TASK DIRECTIONS: In the data below, find the line with "FREEWORLD YOUR FREE INTERNET CONNECTION" and output it along with every later line, exactly, but not the pictures.

(INFORMATION PROVIDED)

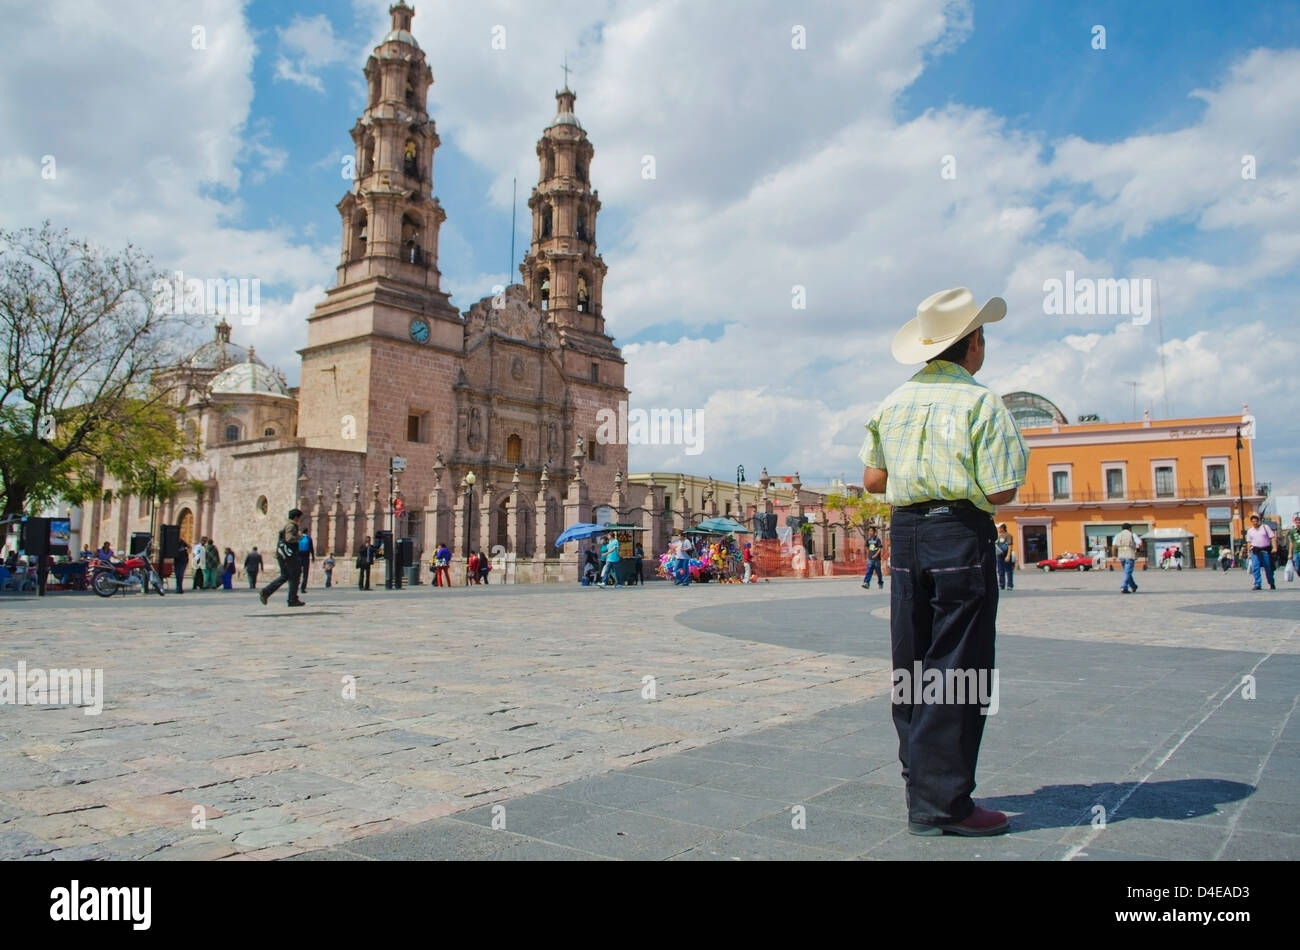 Man wearing cowboy hat standing in large city plaza beside large cathedral; Aguascalientes, Aguascalientes state, Mexico Stock Photo
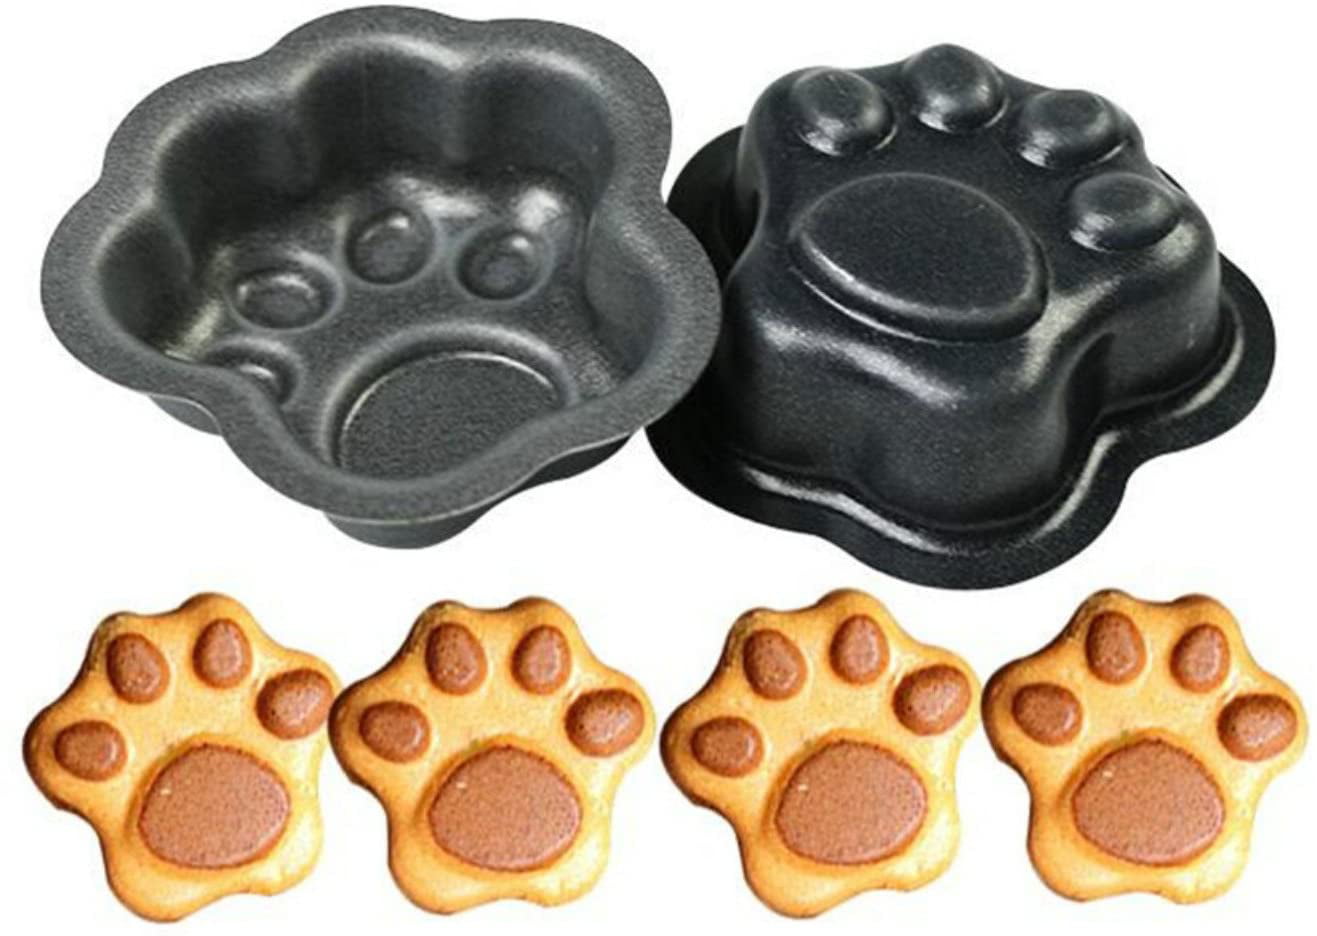 16 Holes Pets Cat Dog Paw Silicone Mold Fondant Cake Cookie Mould Baking Tools 
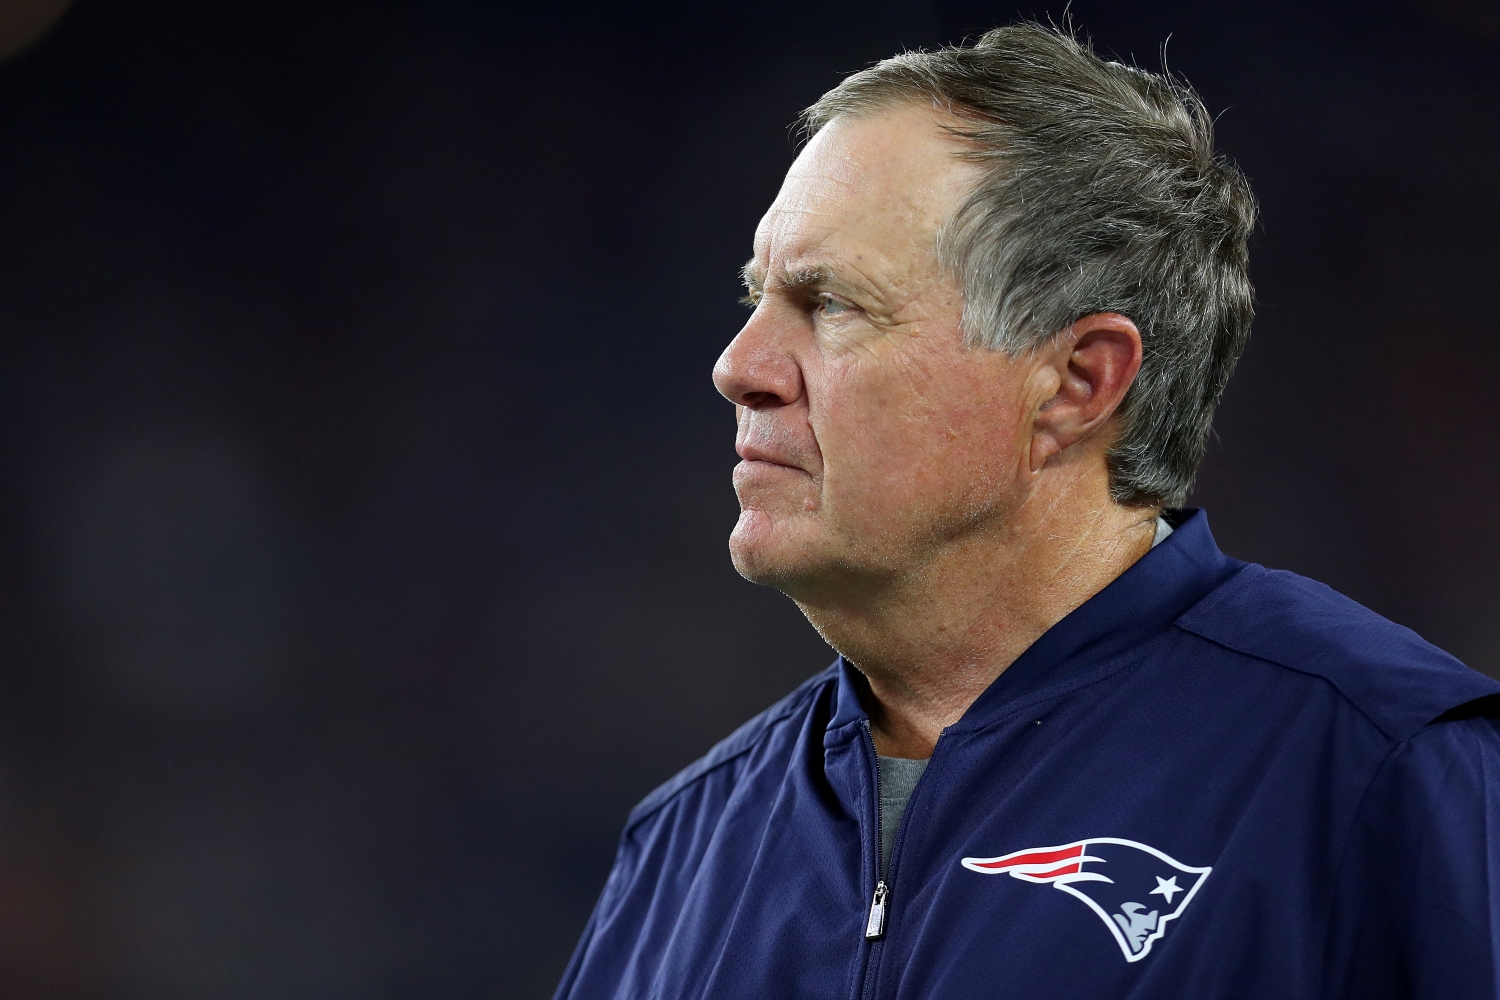 New England Patriots head coach Bill Belichick looks on during a game.
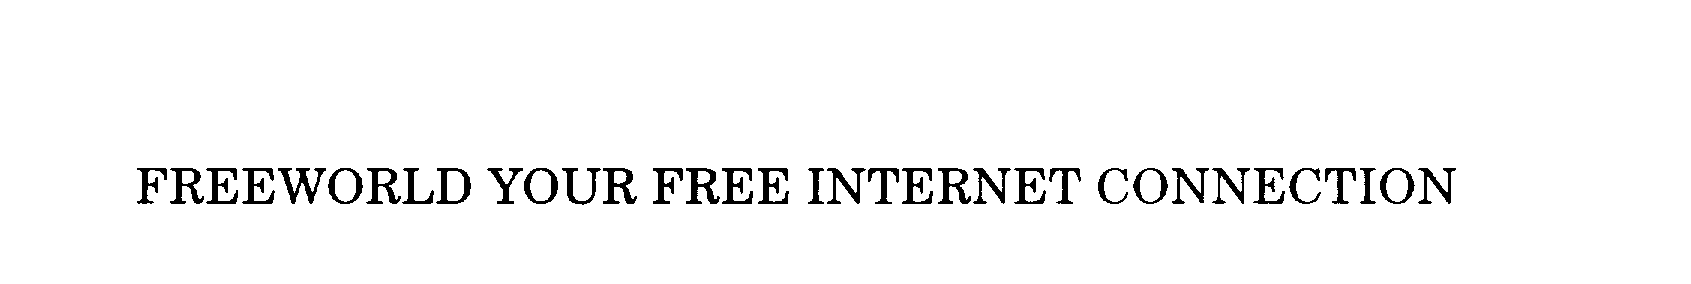  FREEWORLD YOUR FREE INTERNET CONNECTION
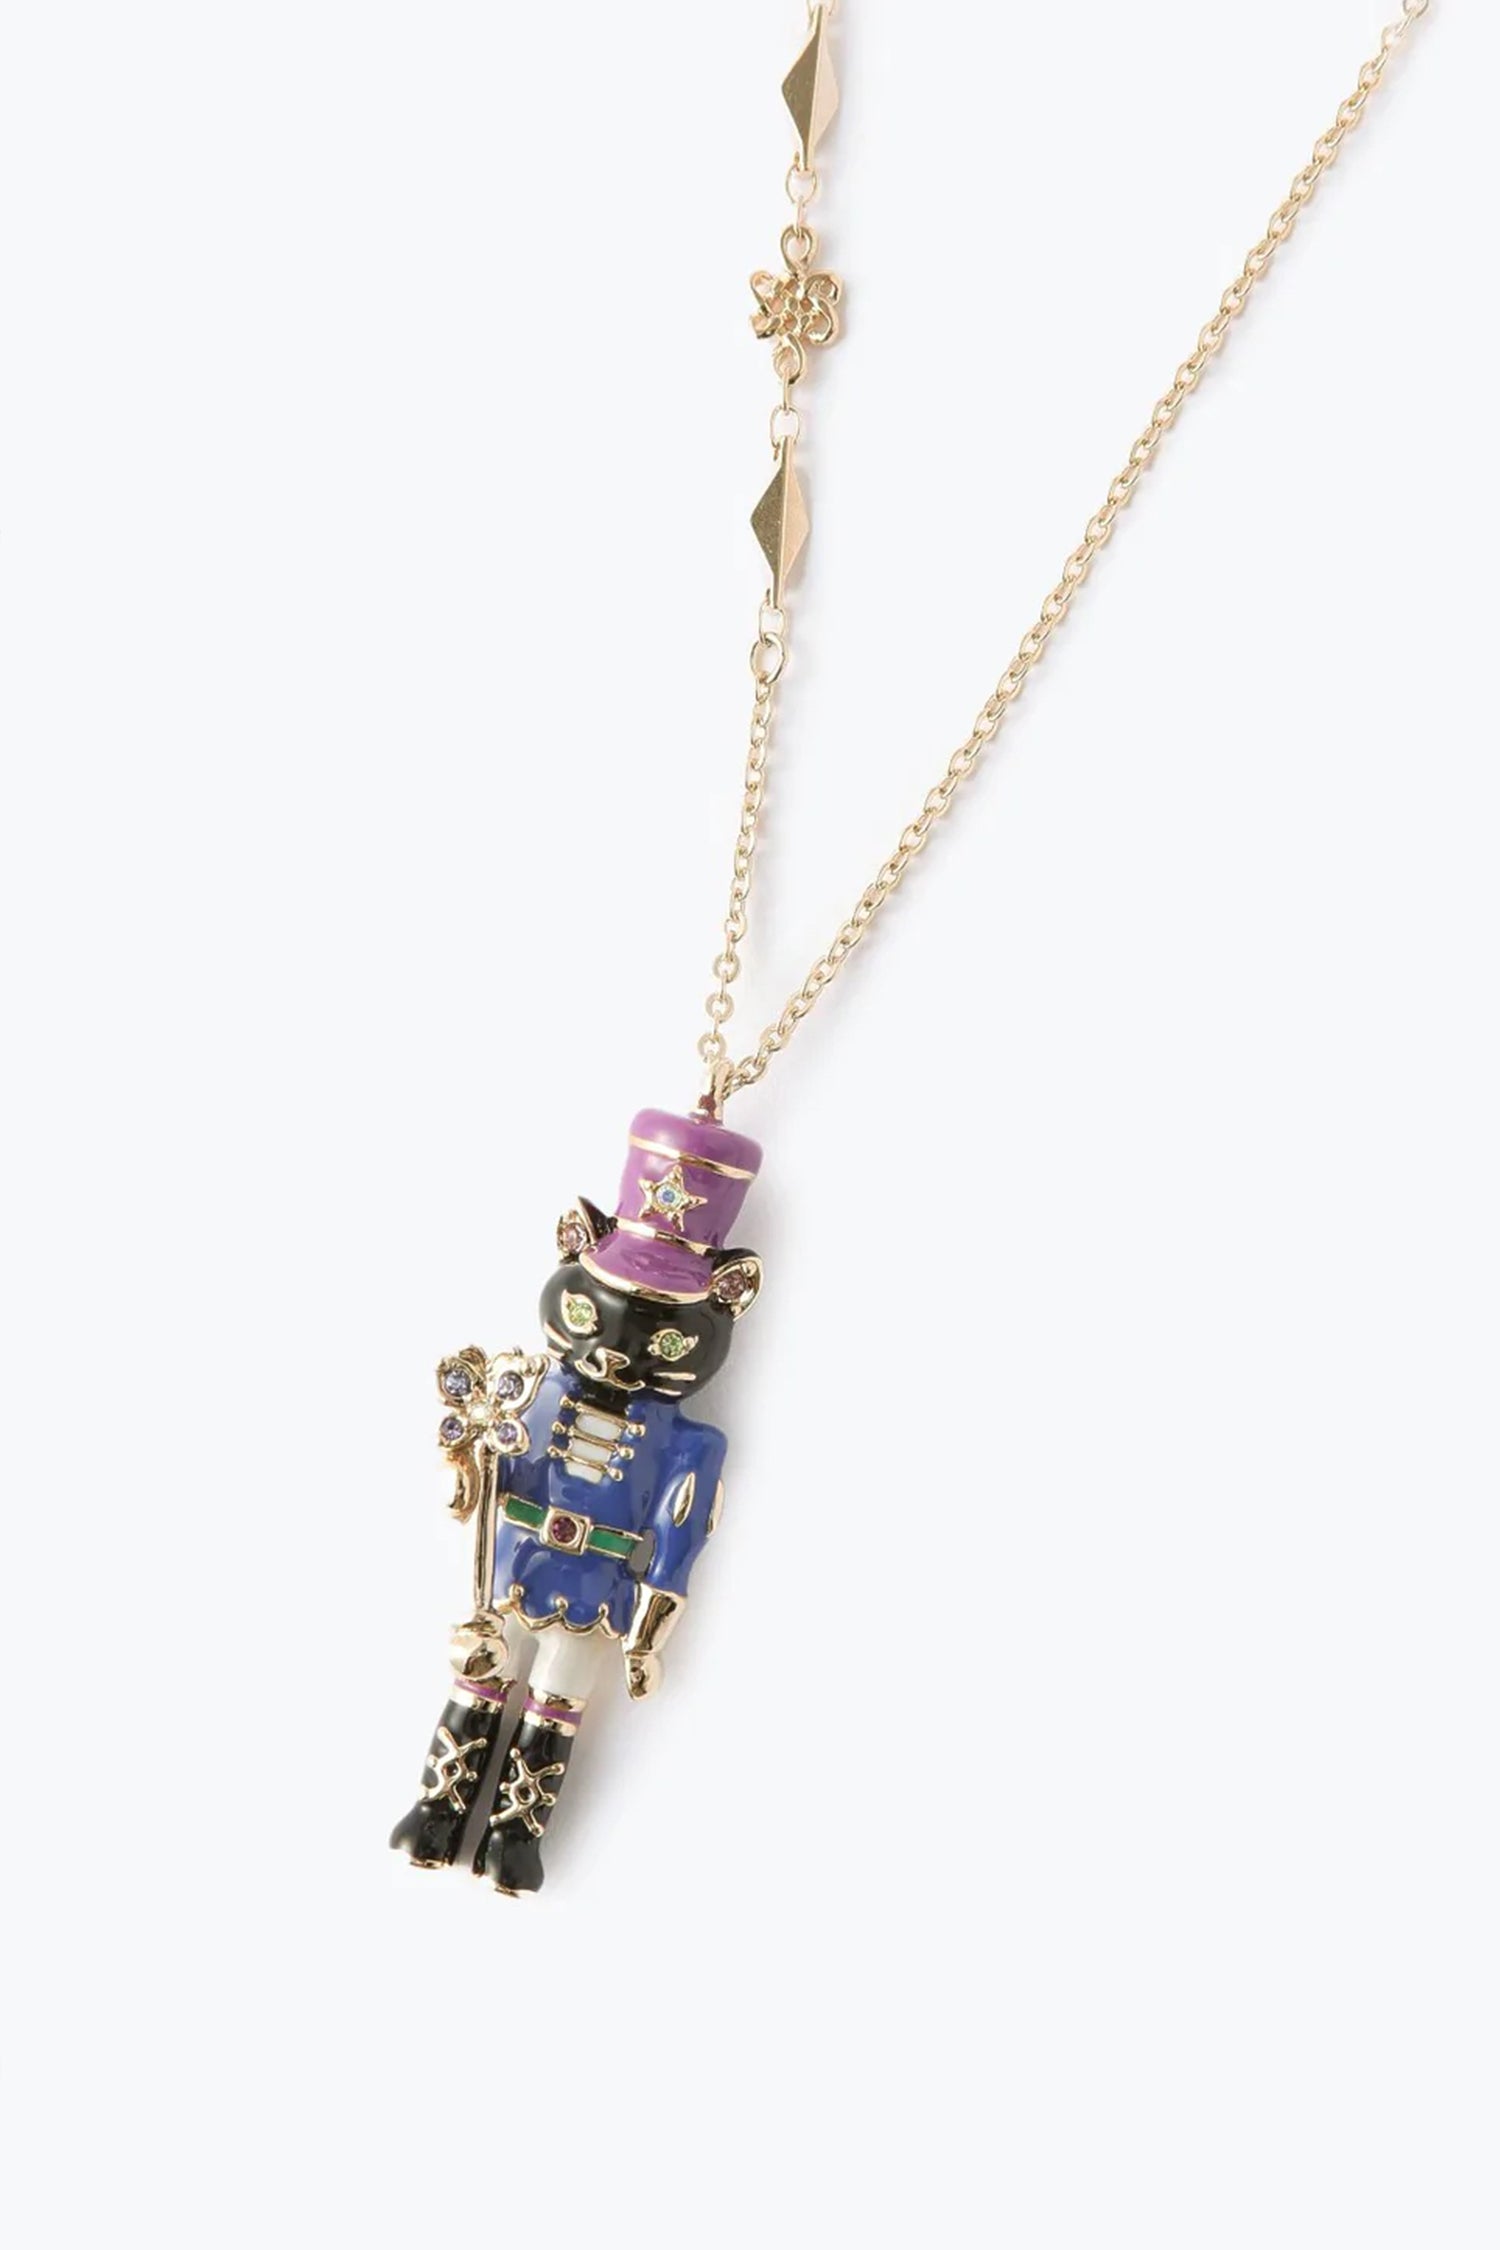 Black Cat Solider Necklace, dressed as nutcracker on golden chain with butterfly adorn Metal gold

(End INFORMATION PROVIDED)

EXERCISE RESPONSE:
  FREEWORLD YOUR FREE INTERNET CONNECTION
 Black Cat Solider Necklace, dressed as nutcracker on golden chain with butterfly adorn Metal gold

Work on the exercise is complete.